Hong Min Lee,Byung Man Kwak,Jang Hyuk Ahn,Seung Hwan Jeong,Sung Lye Shim,Kyong Su Kim,Taeh Yung Yoon,Dong Gil Leem,Ja Young Jeong 한국축산식품학회 2011 한국축산식품학회지 Vol.31 No.2
The objective of this study was to develop a method to simultaneously quantify vitamins A and E in infant formula. To determine the vitamin A and E content, vitamin A and four different vitamin E isomers (α-, β-, γ-, and δ-tocopherol) were separated by high performance liquid chromatography with a photodiode array detector using a Develosil RPAQUEOUS RP-C30 column (4.6×250 mm, 5 μm).
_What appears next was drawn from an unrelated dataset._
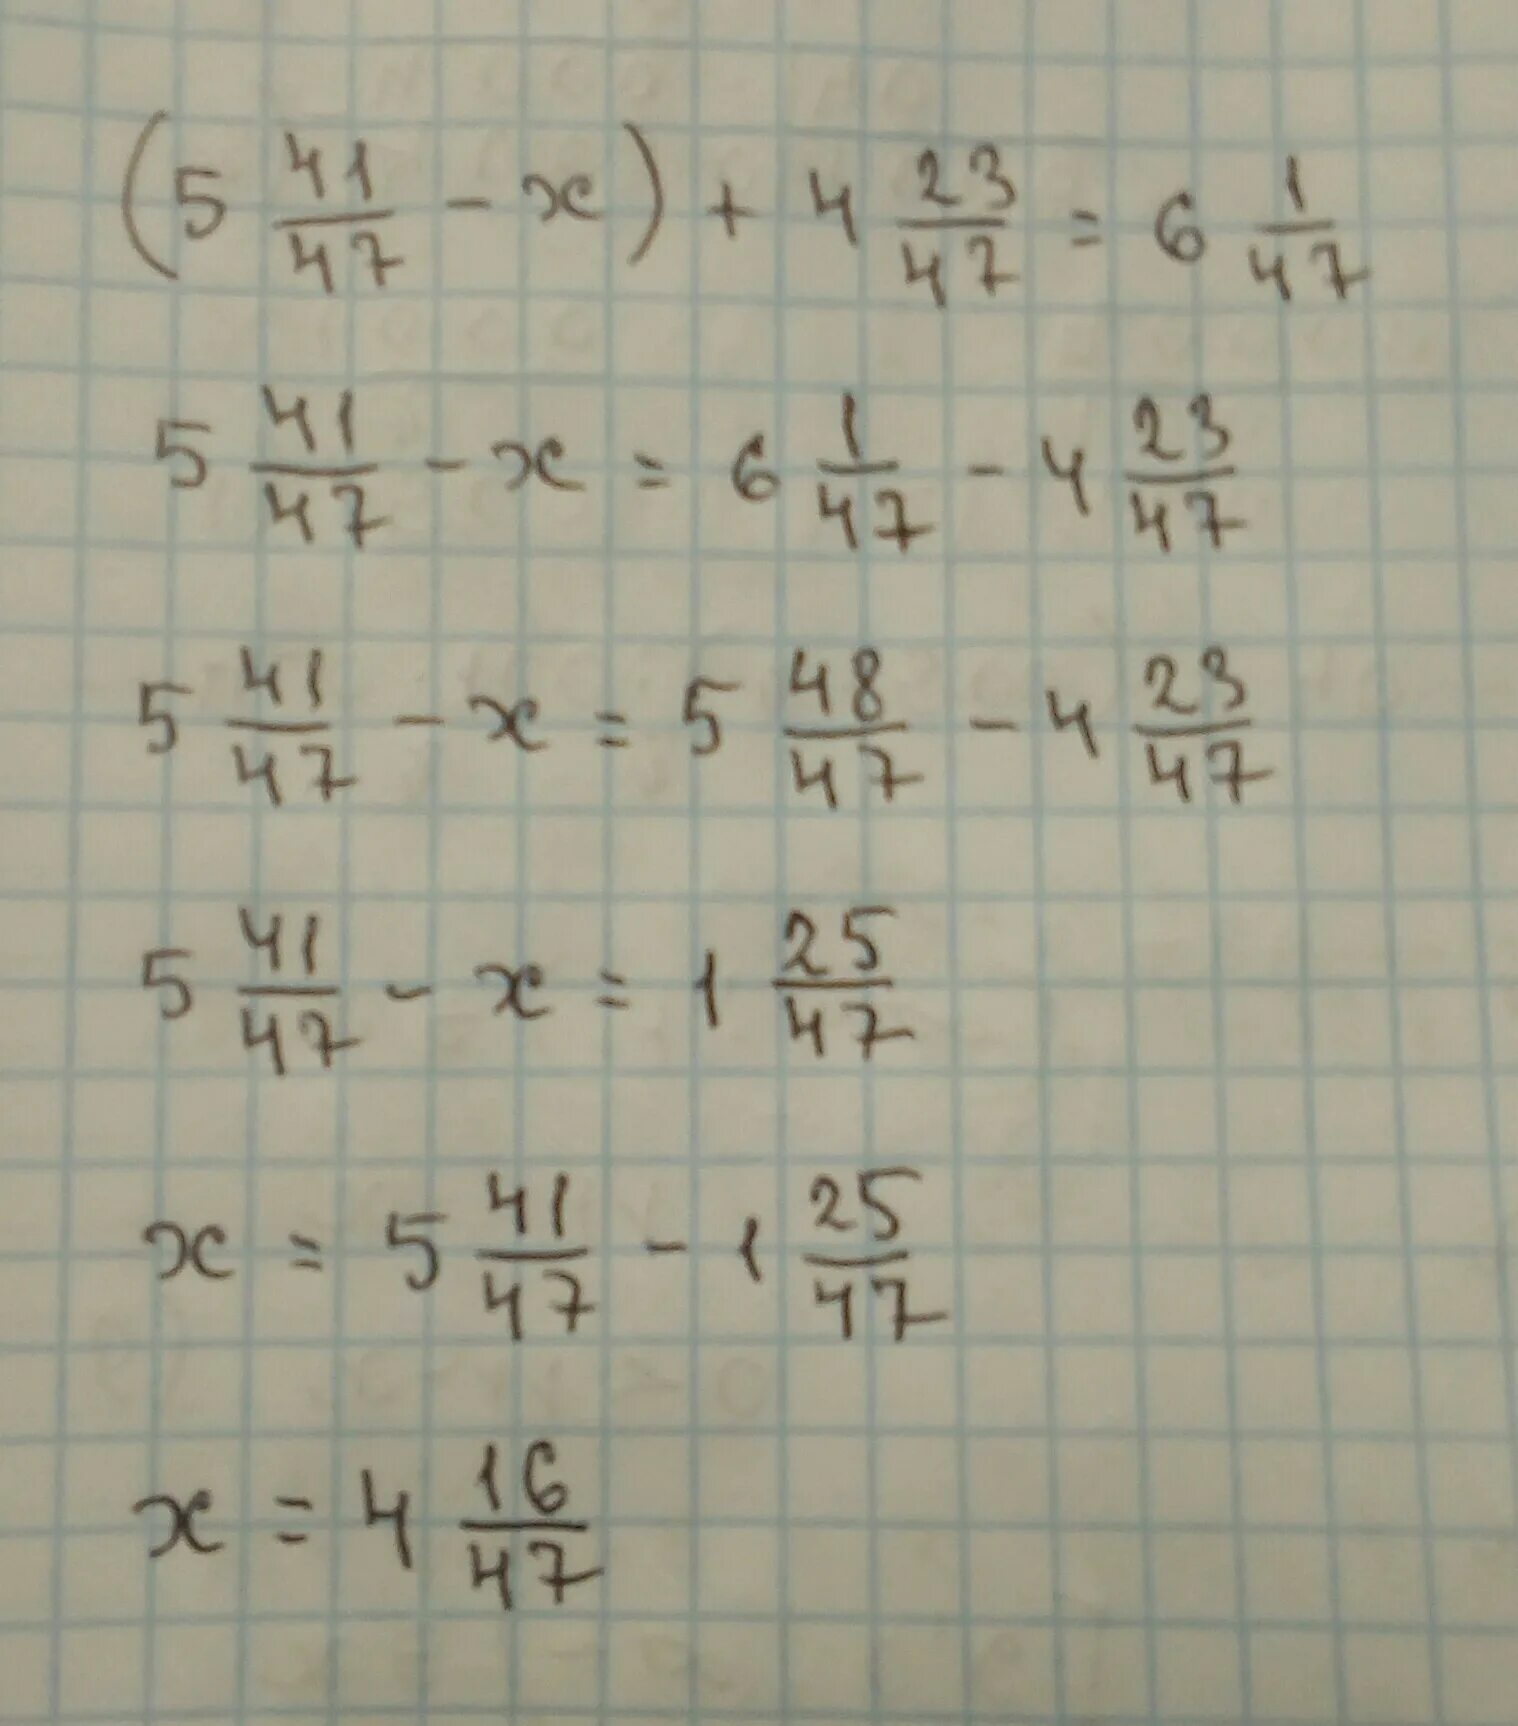 5 44/47-Х +4 23/47 6 1/47. 4,2:1,47 Решение. Пример 47 6. -47x=1.

The vitamin A and E contents in the certified reference material determined using this method were within the certified range of standard values. The limits of detection (LODs) and limits of quantitation (LOQs) for vitamin A were 0.02 and 0.06 μg/L, respectively. LODs and LOQs for the vitamin E isomers ranged from 0.20 to 0.55 and from 0.67 to 1.81 μg/L, respectively. Linear analyses indicated that the square of the correlation coefficient for the vitamin A and E isomers was 0.9997-0.9999. The recovery of vitamins ranged from 96.69 to 97.79%. The results demonstrate that this novel method could be used to reliably analyze vitamin A and E content in infant formula.